0001493152-26-020908
SEC filingRevenue grew 15% to $326M driven by higher realized metal prices, while net income fell to $42M from $164M due to absence of a one-time gain.
For the year ended December 31, 2025, Santacruz Silver reported revenue of $326.4 million, a 15% increase from $283.0 million in 2024. The growth was driven primarily by higher average realized prices per silver equivalent ounce, which rose to $39.00 from $28.74, partially offset by a 22% decline in silver equivalent ounces sold (10.9 million vs. 14.1 million). Gross profit more than doubled to $109.4 million (91% increase) as cost of sales decreased 3% to $199.5 million, benefiting from the change in the Bolivian boliviano exchange rate to a bank-rate estimate starting January 1, 2025. Operating income surged 159% to $85.1 million, reflecting the improved gross profit and lower general and administrative expenses ($22.3 million vs. $24.3 million). Net income fell 74% to $42.2 million because 2024 included a $133.3 million gain on adjustment to consideration payable related to the Glencore omnibus agreement; excluding that one-time item, net income grew substantially. EPS basic was $0.47 versus $1.86 in 2024.
As of December 31, 2025, total assets were $445.8 million, up from $374.0 million a year earlier, driven by higher cash ($44.3 million vs. $35.7 million), marketable securities ($22.5 million vs. nil), and increased inventories ($57.5 million vs. $32.4 million). Working capital improved to $63.7 million from $46.3 million. Total liabilities rose to $266.7 million from $242.7 million, largely due to higher loans payable ($51.9 million vs. $19.6 million) and an increase in trade payables. The consideration payable to Glencore decreased to $20.2 million (entirely CVR) from $44.8 million as the base purchase price was fully settled. Shareholders' equity increased to $179.1 million from $131.3 million, supported by retained earnings turning positive ($26.2 million vs. -$16.0 million).
Cash generated by operating activities was $79.1 million, up 45% from $54.4 million in 2024, driven by improved profitability and higher net income adjusted for non-cash items. Net cash used in investing activities increased to $92.4 million from $20.9 million, primarily due to $40.0 million in payments to Glencore for the accelerated settlement, $34.3 million in purchases of marketable securities, and higher capital expenditures ($30.6 million vs. $22.6 million). Financing activities provided $21.7 million versus a use of $2.5 million in 2024, as the company drew down $73.0 million in new loans and repaid $51.6 million, and received $3.7 million from option exercises. The net increase in cash was $8.5 million, ending the year with $44.3 million. Capital expenditures of $30.6 million (9.4% of revenue) were directed mainly toward mine development and equipment at Zimapan and Bolivar.

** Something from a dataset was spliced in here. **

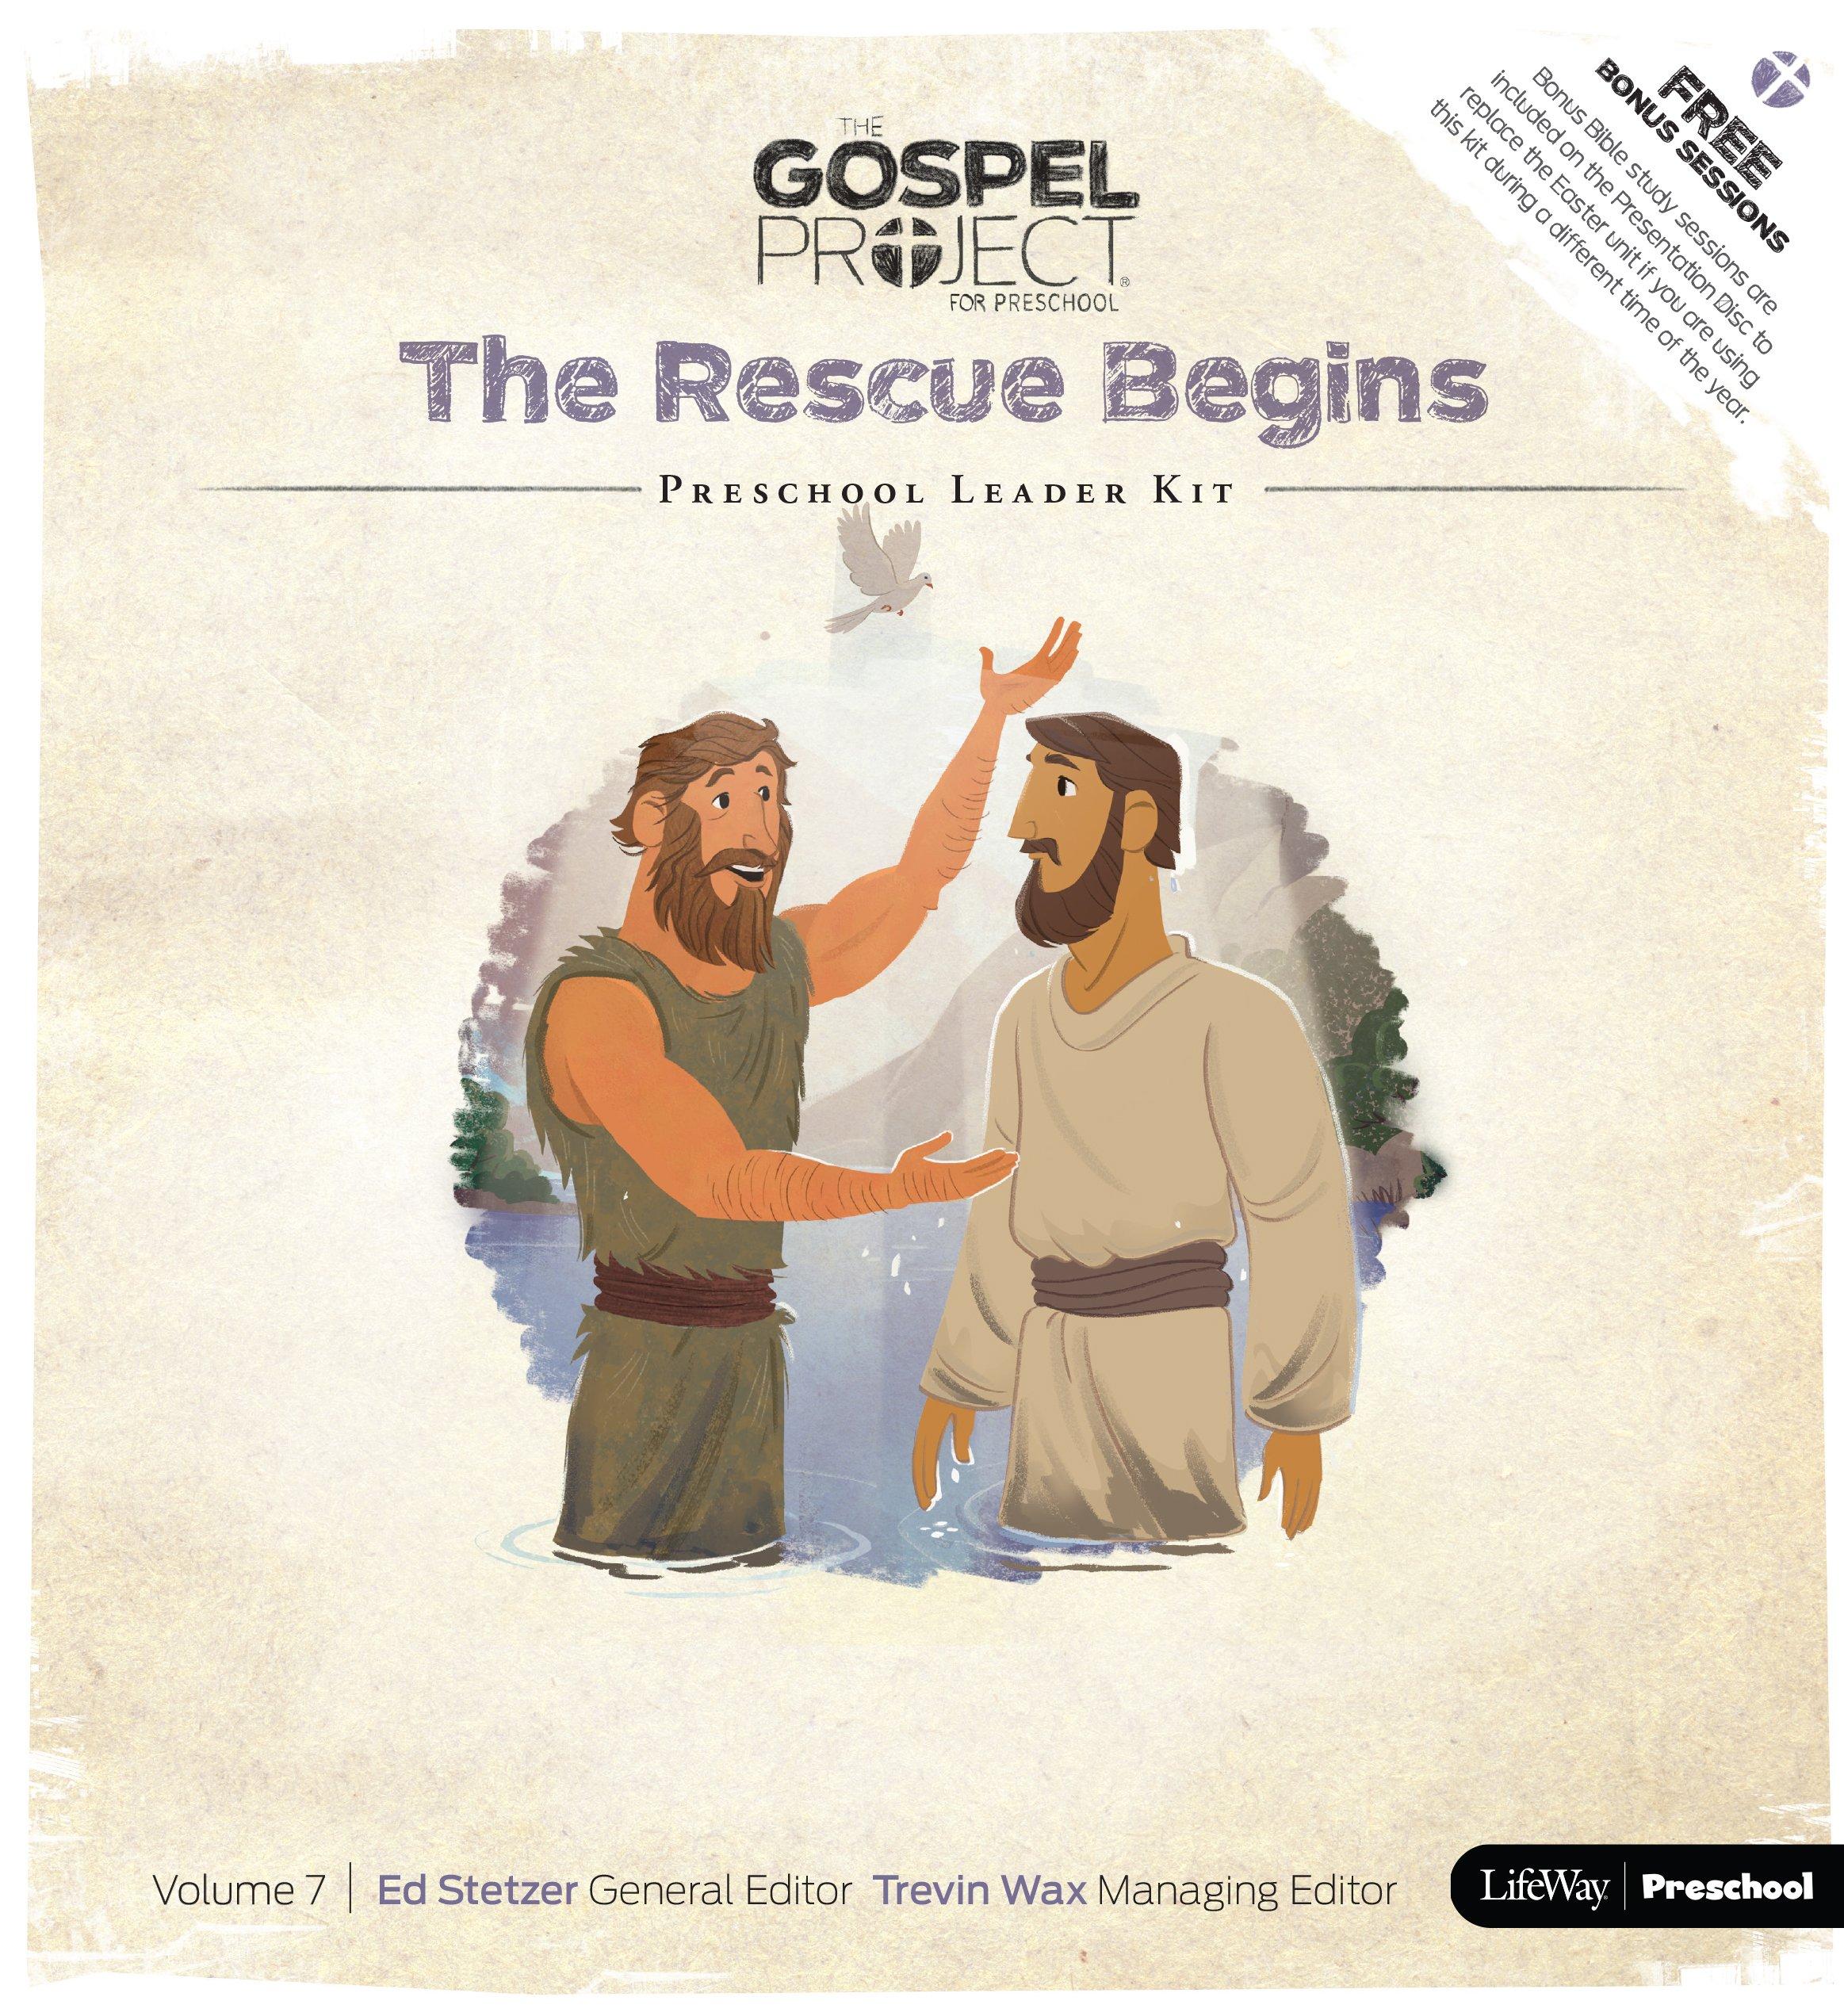 The Gospel Project for Preschool: Preschool Leader Kit - Volume 7: The Rescue Begins ebook

Management highlighted that the Bolivar mine experienced a localized water inflow in mid-May 2025 that restricted access to higher-silver-grade areas for most of the year, reducing total silver equivalent production by 11%. Recovery efforts progressed through the second half, and full production is expected to return during 2026. Other operations—San Lucas, Caballo Blanco, and Zimapan—remained stable or improved, demonstrating the benefit of a diversified asset base. The company's strategic priorities for 2026 include restoring Bolivar's production, improving metallurgical recoveries and concentrate quality at Zimapan (on which capital has already been spent), and maintaining cost discipline across Bolivian operations. The omnibus agreement with Glencore was modified in 2024 to settle the base purchase price with a $40 million acceleration option, which was fully exercised and paid by September 2025; the remaining obligation is a contingent value right (CVR) tied to zinc prices above $3,850/tonne, with no payments triggered to date. Management believes the company has sufficient liquidity from cash on hand and operating cash flows to meet near-term obligations.
The company reports in IFRS and has changed its accounting for Bolivian boliviano exchange rates from the official rate (6.96 BOB/USD) to an estimated bank rate (average 11.92 BOB/USD in 2025), applied prospectively from January 1, 2025. This change reduced reported costs, contributing to the gross profit improvement. Segment-wise, Zimapan led revenue growth with a 25% increase to $102.4 million, driven by higher zinc production and prices. San Lucas revenues rose 23% as it processed more third-party ore under its margin-based sourcing model. Caballo Blanco revenues grew 16% despite lower throughput, benefiting from higher metal prices. Bolivar and Porco revenues declined 15% and 9%, respectively, due to production disruptions. The company had two customers accounting for all concentrate sales, with one customer representing 69% of revenue. Goodwill remained unchanged at $15.5 million. Share-based compensation rose to $2.0 million from $0.1 million due to higher option grants and stock price. A reversal of impairment of $4.1 million on the Bolivar CGU was recorded after reassessing long-term silver prices. The CVR liability was remeasured at $20.2 million, with a fair value loss of $10.1 million recognized in finance costs.